Thursday, February 01, 2018

Book-A-Day 2018 #32: Bluesy Lucy by Catel and Veronique Grisseaux

I know cliches only get to be that way because they're durable and common, but, boy howdy! does this book rely heavily on a very cliched cliche for its premise. On the first page, we're at a 30th birthday party for Lucy, a professional woman somewhere in France. (I'm going to assume Paris, for reasons of either laziness or cultural weight -- and you can attribute that laziness to either me or the creators, on your whim.)

She is single, and so of course, within a few pages, breaks down because of that single status. And the rest of the book flows out from there: she's presented like a standard rom-com heroine: a career woman but drifting in her personal life, with a few super-close friends who add their own drama, and, more than anything, mildly obsessed with getting a relationship with her imagined perfect man.

So that all is Bluesy Lucy: this edition was published in English by Humanoids, the Anglo extension of the venerable French publisher Les Humanoides Associes, and created by the two French women creators Catel (just Catel) and Veronique Grisseaux (who mostly just uses her last name). I think this is a translation of the first Lucy book from 2000 (Lucie s’en soucie), from cultural markers, from the fact that Humanoids published that book in France, and just because it feels like one set of stories and not a compilation. But there are three later French albums from 2003-06, so I could be wrong.

I went into Bluesy Lucy hoping it would be something like the distaff version of Monsieur Jean: not autobiographical but informed by the creator's real working lives, honest and real about modern life, including love plots but not defined by them. This book is a little more generic than I was hoping for, telling a story that I've already seen too many times in only slightly different Gallic dress. I'm not seeing much evidence that Catel or Grisseaux saw this as a way to write about their own lives: Lucy is a stock character, familiar from many such stories before. She's fun to spend time with, and her exploits are entertaining -- and probably more so the more you can empathize with her. (And I can't, all that much, being American and male and boringly married for the long term.)

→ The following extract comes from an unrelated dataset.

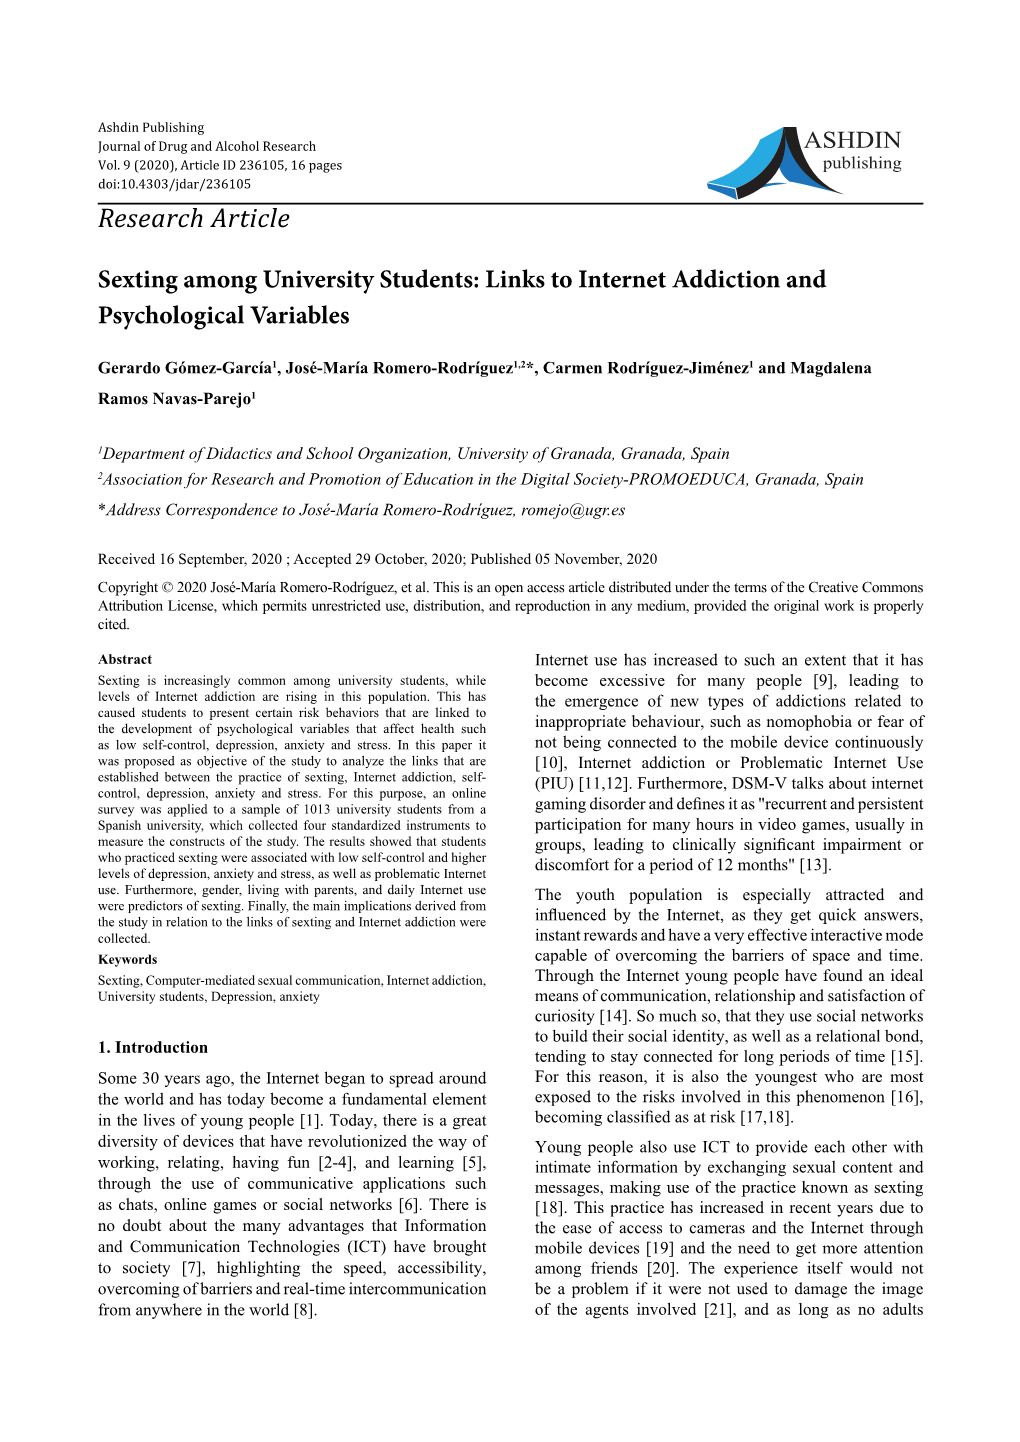 Sexting Among University Students: Links to Internet Addiction and Psychological Variables

The art, though, is full of energy: spiky and bouncy and crackling like a live wire. It gets to the heart of Lucy's character, and makes her that much more lovable -- she may be a cliche, but she's this specific version of the cliche, alive there on the page.

Bluesy Lucy might not have been all I was hoping from it, but it's a pleasant romantic comedy in comics form, with extra French elan. And I do suspect female readers will react to it better than I did.